Luigi Pirandello, geboren 1867 in der Nähe von Girgenti (dem heutigen Agrigento) in Sizilien, gehört zu den bedeutendsten Dramatikern des 20. Jahrhunderts. Nach dem Studium von Jura und Literatur an den Universitäten von Palermo und Rom arbeitete er als Schriftsteller und Journalist. 1934 erhielt er den Nobelpreis für Literatur. Er starb 1936.

Feuer ans Stroh


Da er niemanden mehr hatte, dem er einen Befehl erteilen konnte, hatte Simone Lampo seit einer Weile die Gewohnheit angenommen, sich selber Befehle zu erteilen: So befahl er sich, das Stöckchen in der Hand:

»Simone, daher! Simone, dorthin!«

Seinem Stand zum Trotz erlegte er sich die lästigen Pflichten auf. Bisweilen tat er so, als rebellierte er, um sich dann zum Gehorsam zu zwingen; er stellte also gleichzeitig zwei Gegenspieler auf dem Theater dar und erklärte etwa wütend:

»Nein, das tu ich nicht!«

»Simone, ich prügle dich windelweich. Ich hab’ dir gesagt, fahre den Mist ein! Nein? Päng …!« Damit versetzte er sich selber eine mächtige Ohrfeige und fuhr dann den Mist ein.

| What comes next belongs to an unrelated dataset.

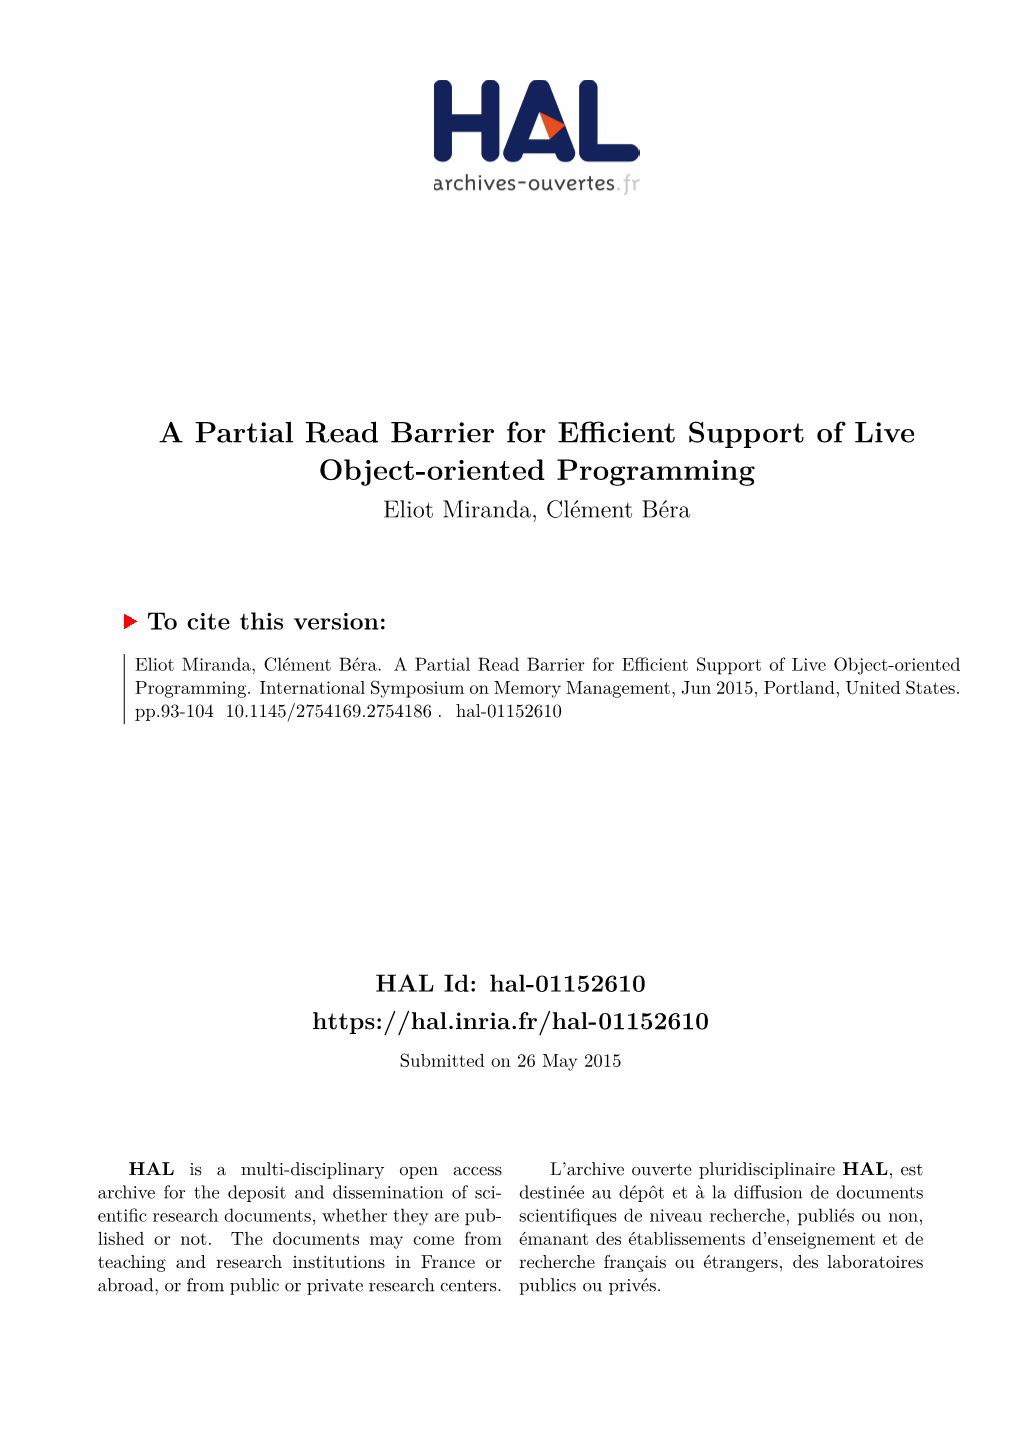 A Partial Read Barrier for Efficient Support of Live Object-Oriented

An dem Tag, an dem er das Grundstück besichtigte, das einzige, das ihm von allen seinen einstigen Ländereien verblieben war (knapp zwei Hektar Bodenfläche, und die vernachlässigt, da niemand sich darum gekümmert hatte), befahl er sich, die alte Eselin zu satteln, mit der er bei der Rückkehr in das Dorf die bemerkenswertesten Gespräche führte.

Die Eselin stellte bald das eine, bald das andere der abgeschabten Ohren auf und schien ihm geduldig zuzuhören, ungeachtet eines gewissen Ärgernisses, das ihr Herr seit einer Weile ihr zufügte und das sie nicht näher hätte beschreiben können: etwas, das im Gehen unter ihrem Schwanzansatz baumelte.

Es war ein henkelloses Weidekörbchen, das mit zwei Schnüren am Schwanzgurt des Sattels befestigt war und unter dem Schweif des armen Tieres hing, zu dem Zwecke, die Mistkugeln aufzunehmen und schön warm und rauchend aufzubewahren, die das Grautier sonst längs der Straße ausgesät hätte.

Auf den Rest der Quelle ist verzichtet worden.